Wednesday, April 30, 2008

Race To The Wire

Does race matter? That really is a silly question? If you're asking the question, then you already know the answer. All three campaigns and the press have been dancing around this question, even after Obama's speech in Philly last month, because it is still a hot button topic in America. But even the most optimistic of observers would have to agree that not only does race matter, but it is perhaps the single issue that is going to decide this election.

I had a conversation recently with a friend of mine and we were discussing the Democratic primary and I said that I thought Obama would have the hard convincing some of Hillary's supporters to vote for him, especially older white women. Her exact remark was, "I really resent that". I wasn't making that statement based on anything other than what the numbers have shown. Hillary's support is the greatest among older white women and therefore they would be the hardest to convert into Obama voters. However it was interpreted as a racial statement and therefore the reaction was based on that.

Race (pardon the pun) colors everything in political life. Up until now, Blacks and Women had no choice (for the most part) but to vote for a white male when it came to presidential preferences. Now that there is some variety among the candidates, people have begun to line up behind the person who looks most like them. Blacks now vote at a nearly 9-1 clip for Obama, while older white women vote for Hillary by a 7-3 margin. The bottom line here is that voters are most likely to vote for someone who looks like them. Older Black women are voting overwhelmingly for Obama, so clearly they are not influenced by being in the same age bracket as Hillary Clinton. There has to be something else in the equation and that something is clearly race.

I'm not saying that people who vote for Obama and Clinton are racists, but they certainly take race into account and it is a lot bigger part of the equation than people are willing to admit to. The fact that only 16% of polled voters in Pennsylvania were willing to admit that race played a factor in their decision proves the general delusion that most of America is living under (or proves that most Americans lie to pollsters). Chris Rock once said that the most racist people in America are old Black men because of what they've had to live through. Now what do you think older Black people are considering when they go the voting booth and see the first viable Black candidate for the nation's highest position on the ballot? Are they considering his experience? Sure. Are they considering his policies? Of course. Are they comparing him to the competition? Without a doubt. Are they considering his race? ABSOLUTELY, UNEQUIVOCALLY, YES, YES, YES. The same can be said of older white women who enter the voting booth only they have the added bonus of gender as well (lest you think that only Blacks would vote on such a issue).

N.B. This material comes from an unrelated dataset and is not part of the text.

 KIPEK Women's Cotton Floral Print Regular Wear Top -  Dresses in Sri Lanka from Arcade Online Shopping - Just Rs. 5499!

The issue, as I've said before, is not whether race plays a major part in the decision making of most voters, it's whether either candidate will be able to overcome this obstacle in the fall. Obama has the bigger problem here and I'll tell you why. Black voters (who are the most reliable voting block in the country) are not only used to voting Democrat, they realize that there is no real option for them. Republicans turned their backs on the issues of the Black community a long time ago. Voting Republican just wouldn't' make any sense to them. Some may stay home, but the truth is that the vast majority of them would return to the fold and vote Democratic even if they feel ambivalent about the party's candidate. However, Hillary's most fervent supporters would have an option. I've written before that I feel this group will split into three equal parts, those who vote Democratic, those that vote Republican and those that stay home. As long as the press continues to give John McCain a free ride, he will certainly appear more attractive to some of Hillary's core supporters. He's in their age range, he's a moderate (an absolute lie, but one the press seems unwilling to challenge), he tells it like it is and he sticks to his guns (more lies) and let's not forget, most importantly, he's White which provides a natural level of comfort and is his biggest selling point to some Democrats.

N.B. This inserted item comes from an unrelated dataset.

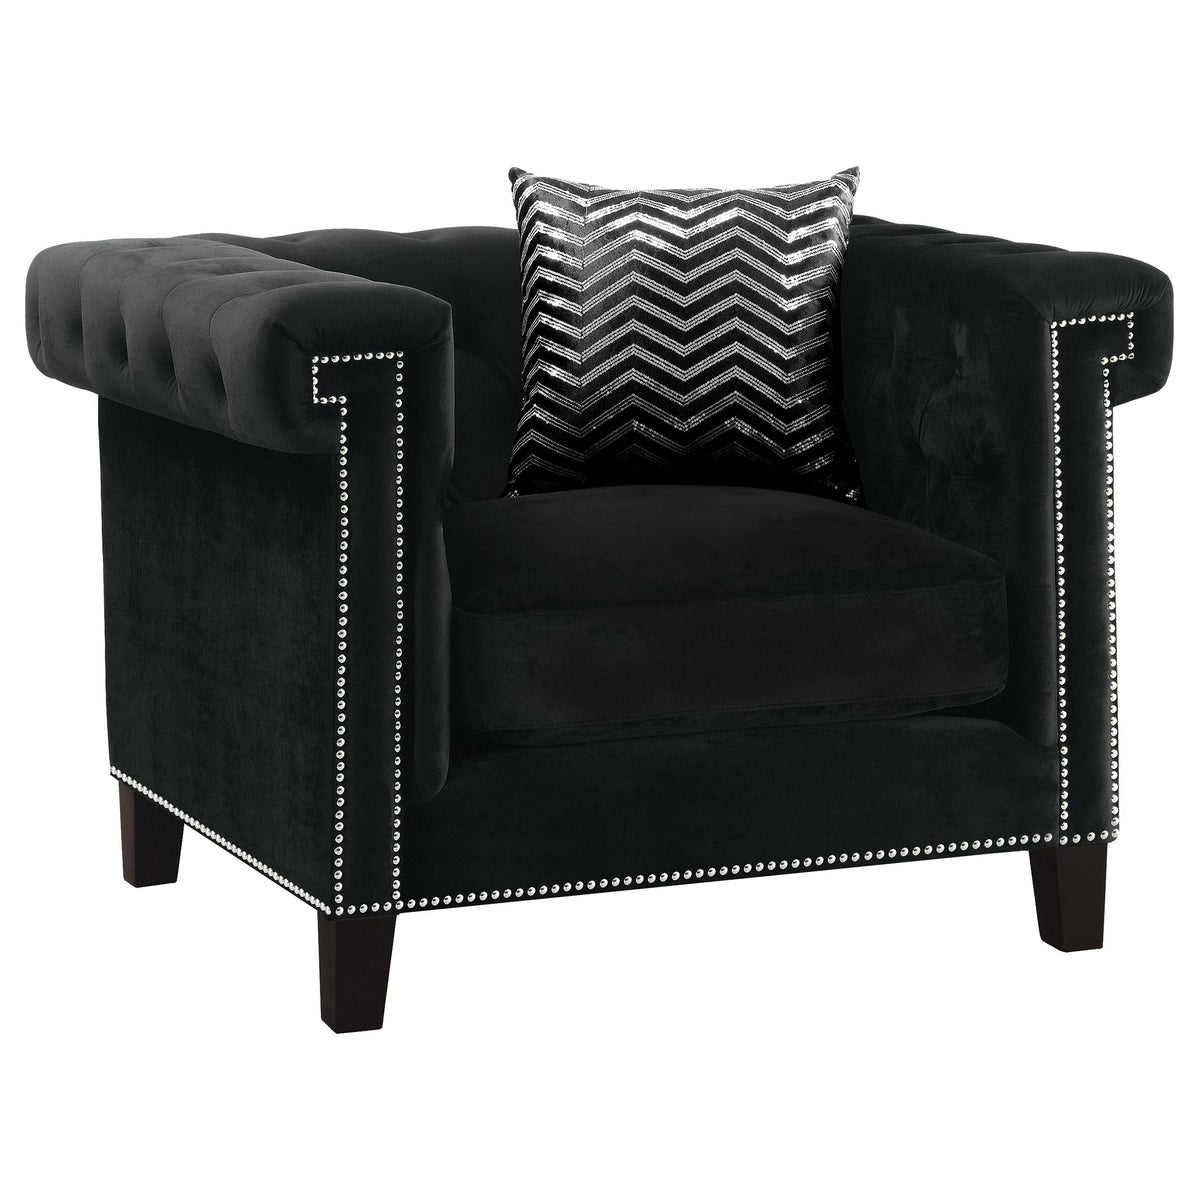 Reventlow Tufted Chair Black Reventlow Tufted Chair Black Half Price Furniture

I'm using the most polarized groups of supporters in order to illustrate the point, but this will play itself, to lesser degrees among almost all Democratic voters. The Bradley effect (vote totals being lower for Black candidates than what the polls suggest) is real. There are people who will simply be unable to pull the lever to vote for a Black President regardless of what they say in public or to pollsters. The famed melting pot that comprises the population of the country does not always breed a greater understanding of other cultures. It can and does, in some, breed animosity and fear. It is that fear, which is expressed in various ways, which leads to voting patterns along racial, religious and ethnic grounds. At the end of the day, regardless of what you label it, it all adds up to the same thing. And to those who think that I'm a racist for pointing this out, I would wholeheartedly disagree and ask you to really try and take an honest look at the country we live in. We are supposed to believe that all men are created equal, but do we? Given our checkered past, I believe the answer to be fairly self evident.